I found it wasn’t too difficult to use .NET BitArrays and convert to varbinary and also was able to do this using SQL-to-LINQ. The tricky part was writing a table-valued function that could actually interpret the bit mask and return back all the associated dates. This would probably be better done via SQLCLR with a .NET function, but I’m out of practice with doing .NET CLR functions so will put that off for another iteration.
So, first of all here’s a screen shot of the testing form.
The goal of the form was just to prototype the concept by allowing the specification of a day of week pattern to repeat for a particular period. In the above example, I wanted to generate a bit pattern that would contain 14 bits (actually 16 bits -8 bits for each week - as I explain later) representing whether an event occurred on a given day offset from Monday, June 22 and then store the data in a database.

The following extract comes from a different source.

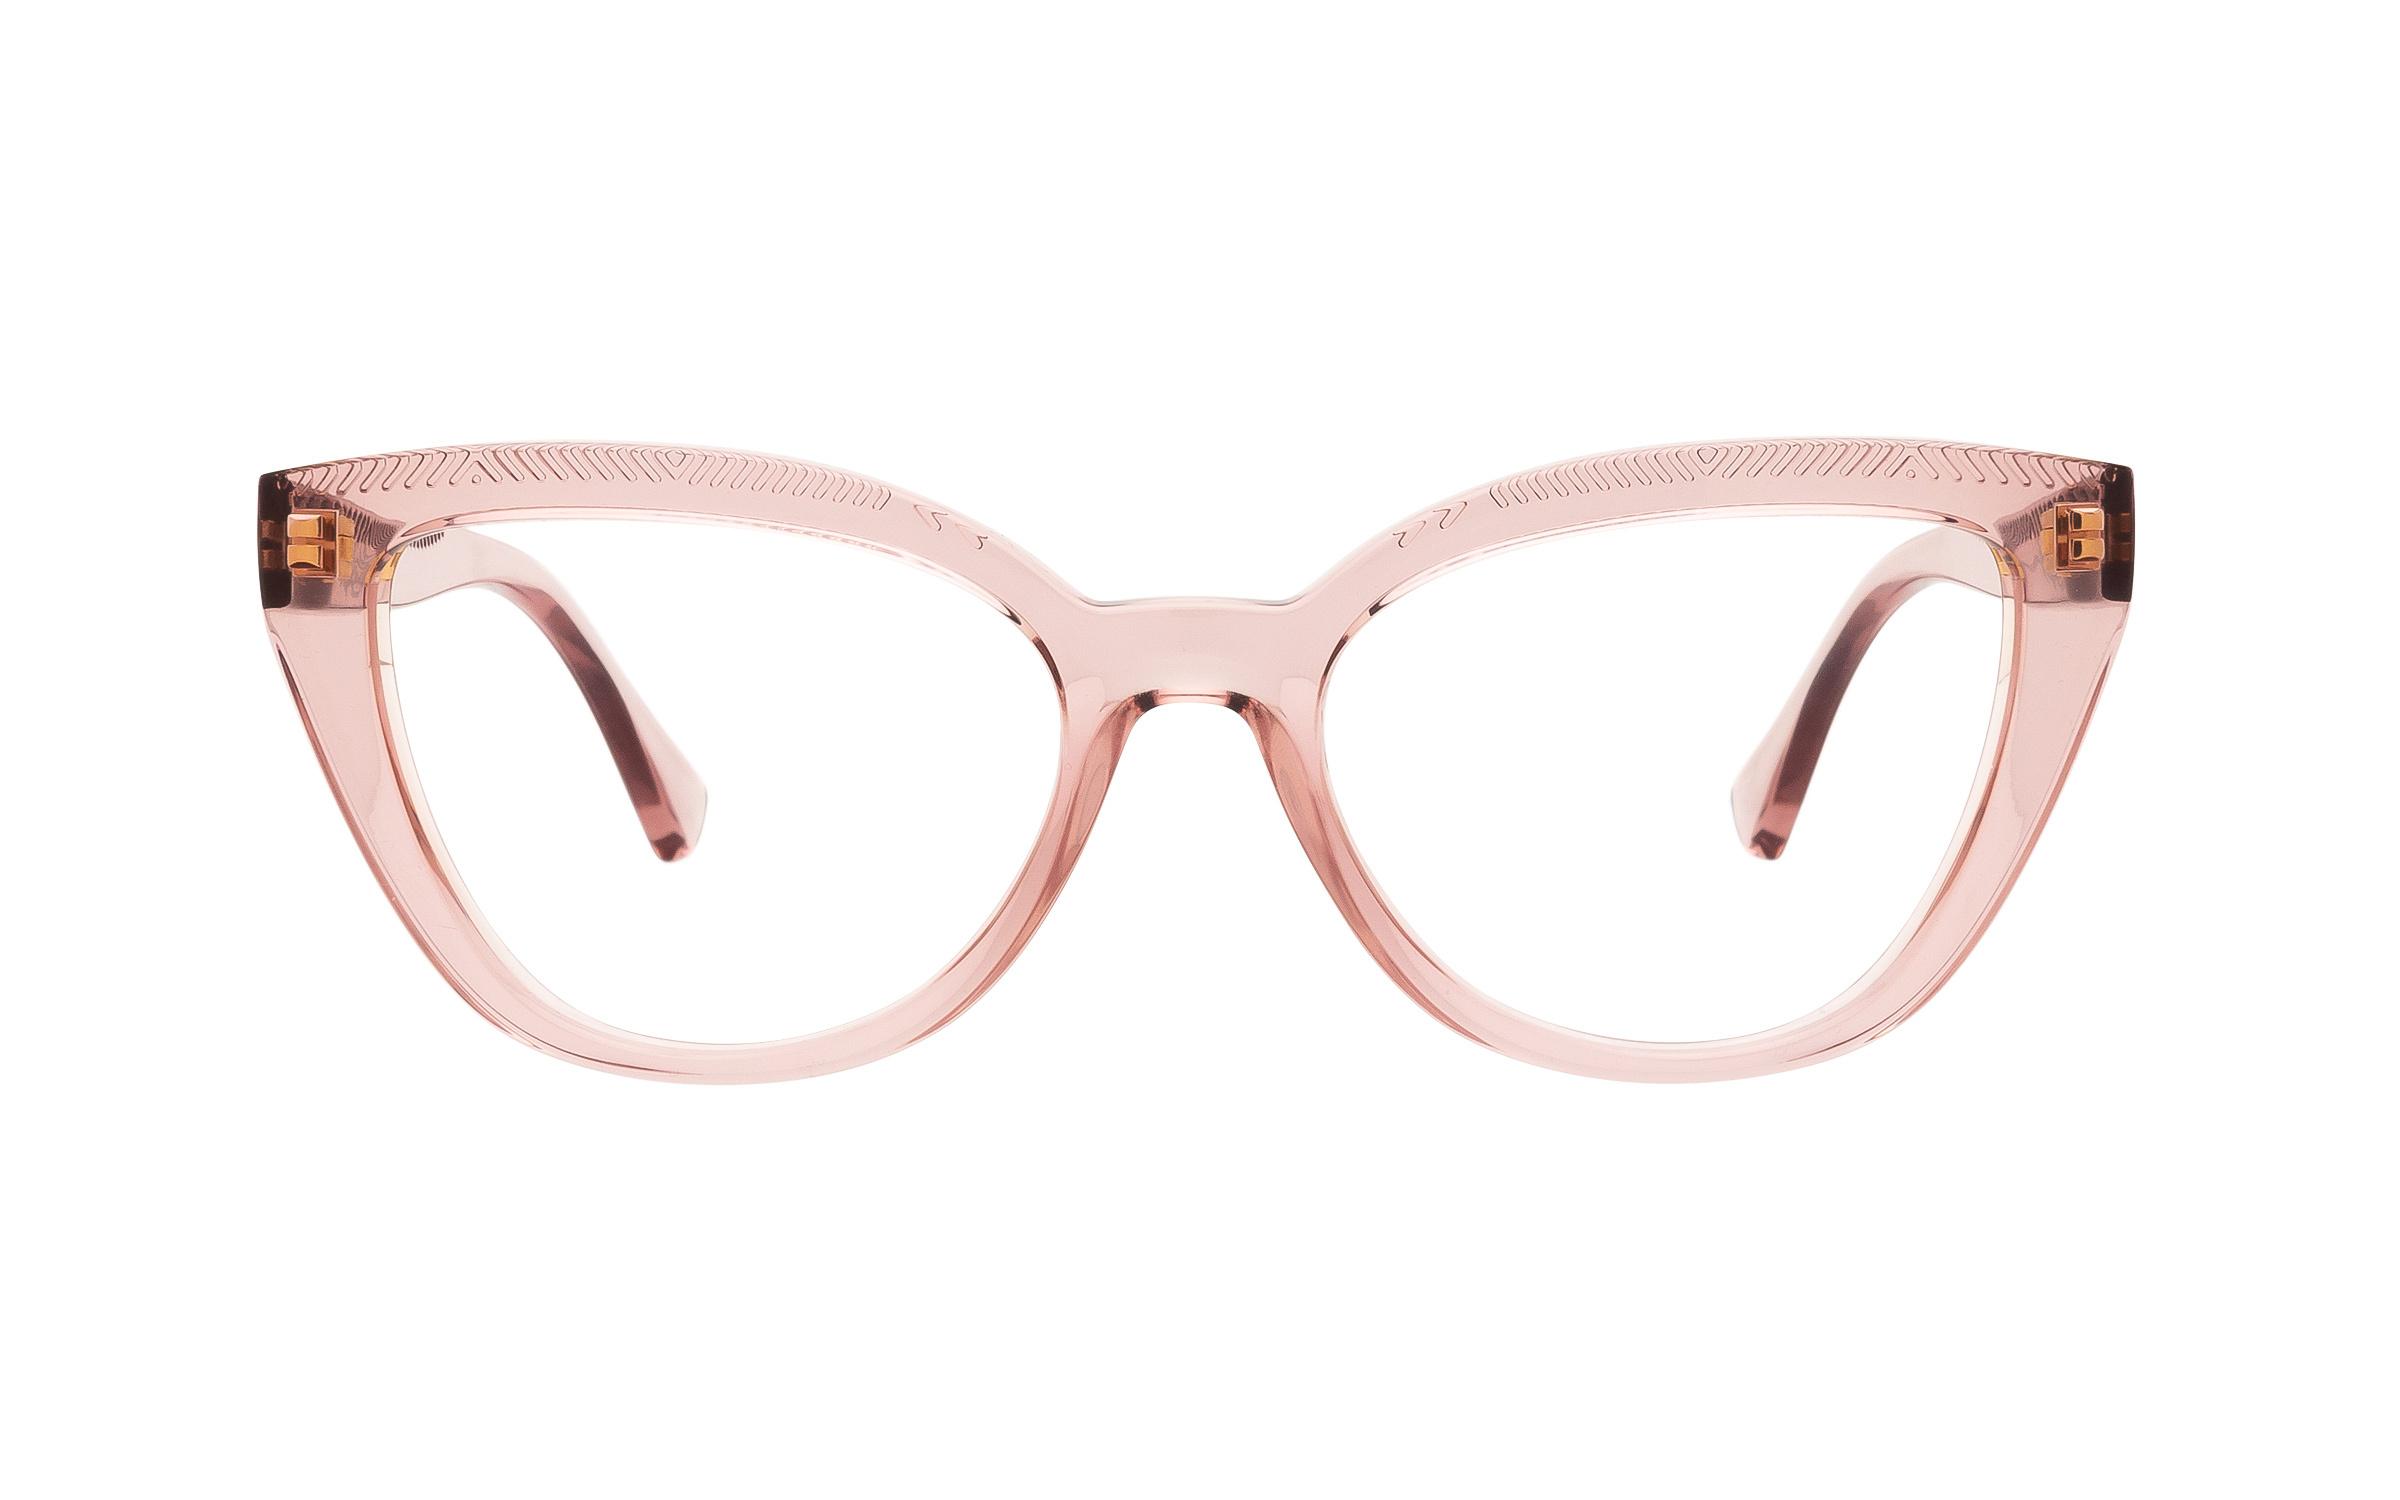 Ralph by Ralph Lauren RA7112 5801 (53) Eyeglasses and Frame in Transparent Pink - Online Coastal

Here’s the table definition I used to store the data:
CREATE TABLE [dbo].[TestBitArray](
[PeriodStartDate] [date] NOT NULL,
[PeriodLength] [smallint] NOT NULL,
[EventName] [varchar](50) NOT NULL,
[SelectedWeekDayMask] [tinyint] NOT NULL,
[DateRangeBitArray] [varbinary](50) NOT NULL,
CONSTRAINT [PK_TestBitArray] PRIMARY KEY CLUSTERED
(
[PeriodStartDate] ASC,
[PeriodLength] ASC,
[EventName] ASC
))
Here’s what ends up in the database
| PeriodStartDate |
PeriodLength |
EventName |
SelectedWeekDayMask |
DateRangeBitArray |
| 6/22/2009 |
14 |
TestEvent1 |
74 |
0x4A4A |
Please excuse me for using a compound primary key, this is just a quick and dirty example! I wanted to test with different combinations of period start dates, lengths, and event names.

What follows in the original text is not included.